One of the most important considerations for each sign is who your target audience is. People will only take a few seconds to determine if they need to pay attention (or even bother to remember) to the sign. 

To have the greatest effect, your sign needs to get the attention of the intended audience. Posting during the right time zone is part of this, but the text and method of offering the information is just as important. 

9. Encourage Collaboration

Some departments work best when they collaborate. Nearly every department should be working with marketing, but it is particularly important that marketing and development teams work together.

Mastering Collaboration

You don’t want marketing making promises that don’t reflect what your company is offering, whether it is a service or a product. This can be carried over to the posts that you add to your digital signs. 

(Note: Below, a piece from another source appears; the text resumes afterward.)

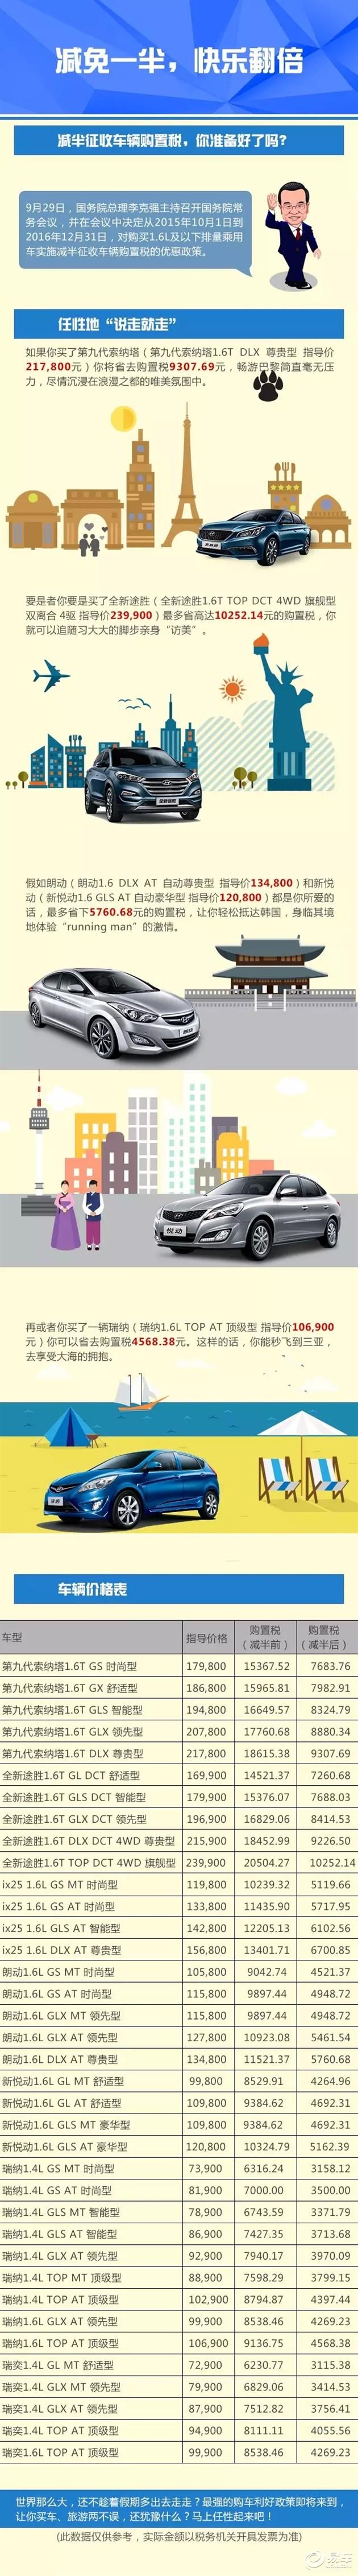 北京现代车辆购置税减半 您准备好了么?

10. Test Any Calls to Action

It is inevitable that you will add a call to action to your digital signage. From letting people know who to contact about an upcoming event to ask them to fill out forms, there are many reasons why you may want people to respond. 

Issuing a call to action is perfectly fine, but it does mean you should take the time to do some extra verification before you post. 

  • Any links that you post need to be checked to ensure that they work and that they take the reader to the right page. 
  • Any files from links need to be checked to make sure they download to different platforms. 

You should also consider using different phrases to increase the likelihood that people will click on the link. For example, using the term “sign up” tends to be less effective than “learn more” since one phrase implies that the reader will need to be active after clicking the link, while the other encourages the audience to read.  

Over time, you’ll want to see what calls to action have been effective and which ones haven’t. 

11. Assess Post Effectiveness

Just like with your website, you need to take the time to see how effective your signs have been. If you have a call to action you can see how many times links have been clicked or files downloaded and returned. 

If you find that a number of people are unaware of things that have been posted, you want to find out why your target audience wasn’t reached. 

Mastering Digital Signage by Collaboration

Even if you get it right in the beginning, you should change up your approach over time. One thing that is consistent about technology is that it will change. People’s attention span and way of consuming media will change with time. You’ll need to regularly check to see if your approach is continuing to be effective or determine that it is time to make some changes. 

Getting Your Future Posts Right

Whenever you post something on your digital signage, remember that its purpose is always to impart information. As long as you keep this in mind, you should be able to make the right choices, and master digital signage in no time!

Just like you have to change up your products and services, you’ll need to rethink how to keep your signs relevant. Don’t use them to post what amounts to white noise. 

Always make the posts count, just like you do with your website. Hope these tips will help you master your digital signage and create amazing displays!